The freedom to accept or reject divine communications is much less clear in Islam than in Judaism and Christianity. Where this vision exists it makes believers resistant to being overruled by hostile antagonists among the people, or by the actions of the state in any of its branches. It also opens the road to a more secular philosophy of life, a religion without magic.
The fall of the Roman Empire in western Europe weakened the power of the state, but left the Roman Catholic Church strong. During the Middle Ages the Church had far more influence on education than it had had under the Romans.
The Reformation did not put a stop to this.

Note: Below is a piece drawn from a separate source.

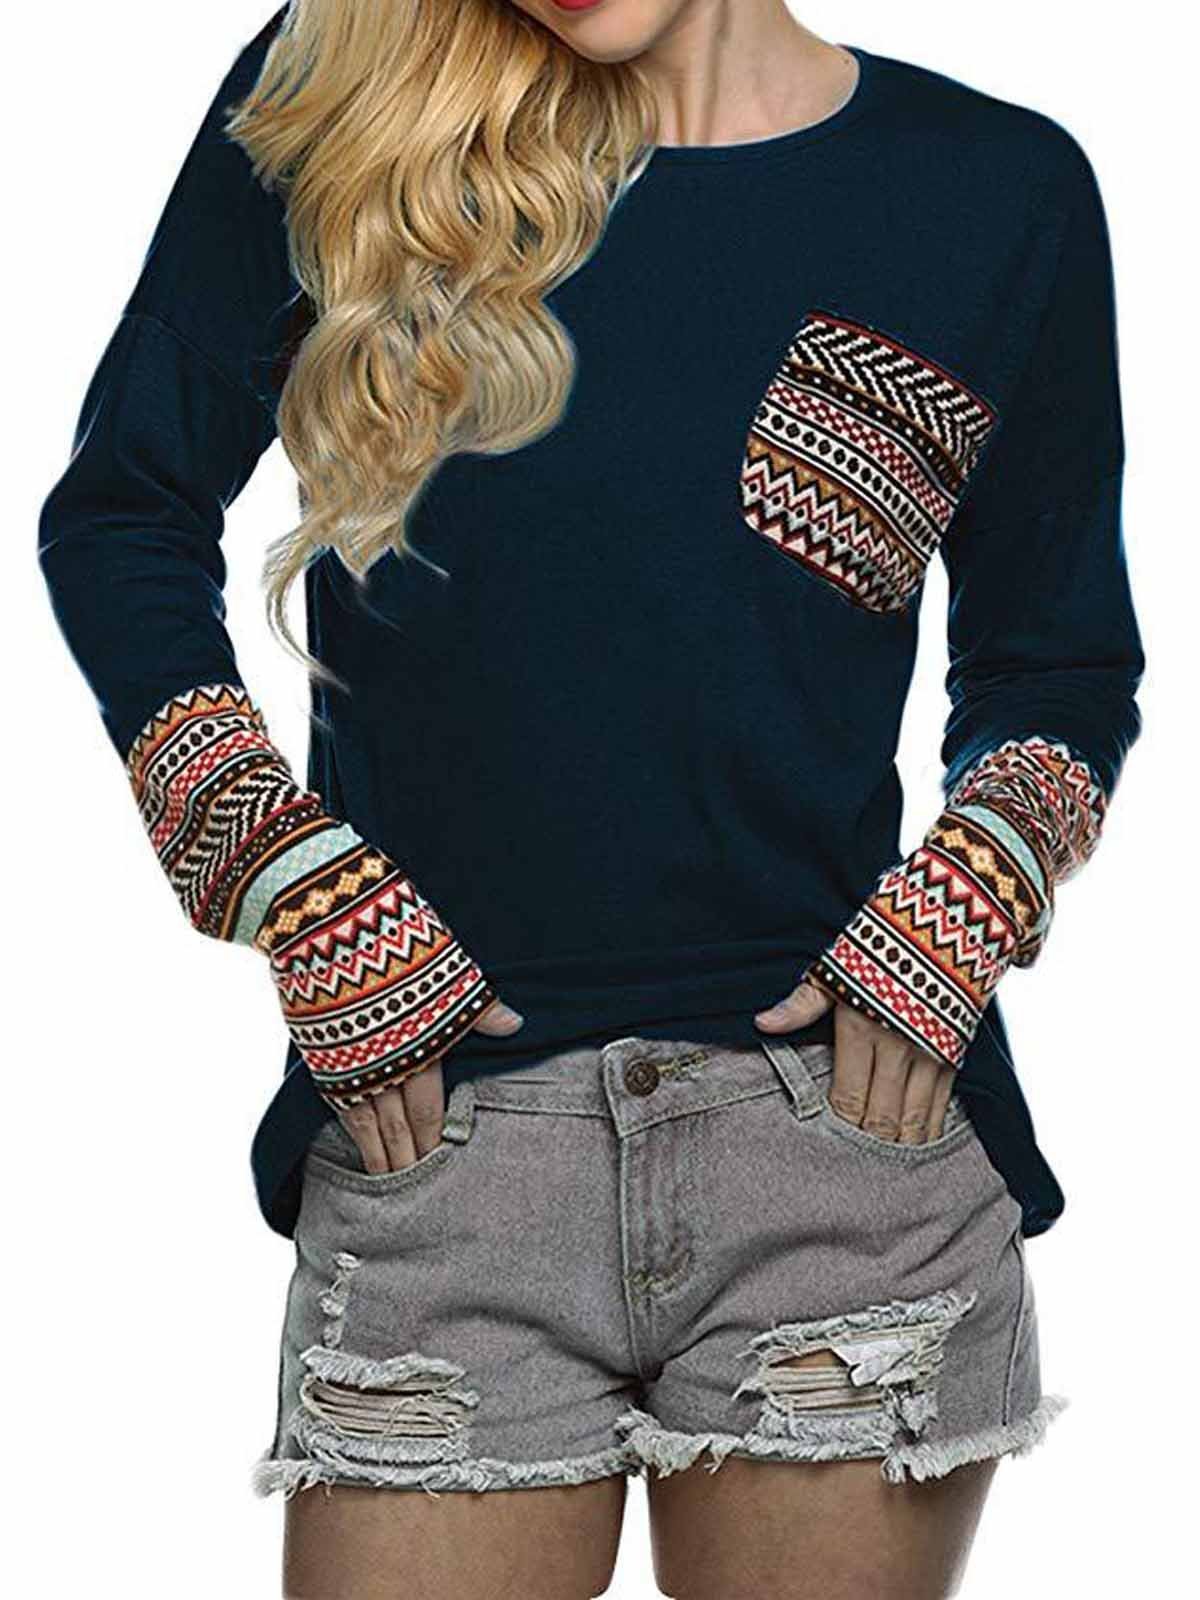 Women's Long Sleeve O-Neck Patchwork Casual Tops

It rather made the literacy of the masses ever more urgent an issue. Education was usually conducted in private schools. The Swedish ecclesiastical law of 1686 ordered ministers of the Lutheran State Church to hold regular, systematic examination on the catechism in households; these interrogations were documented, as was the literacy of the members of the household. Most private schools that taught reading were subsequently made redundant by the establishment of a state monopoly: in 1842 the Swedish Riksdag voted for a six-year compulsory elementary school. In 1888 the clergy no longer had to conduct examinations in homes or record literacy.
This weakening of the churches' influence on schools was typical for all Europe. Morning prayers in schools were the last vestige of the power the church had once had. After the end of World War II, they were gradually phased out in all of western Europe. As the victor in the Spanish civil war in the 1930s, Franco returned the power over education to the Catholic Church, but after his death in 1975 and the defeat of Spanish fascism, education once again fell under the aegis of democratically elected politicians.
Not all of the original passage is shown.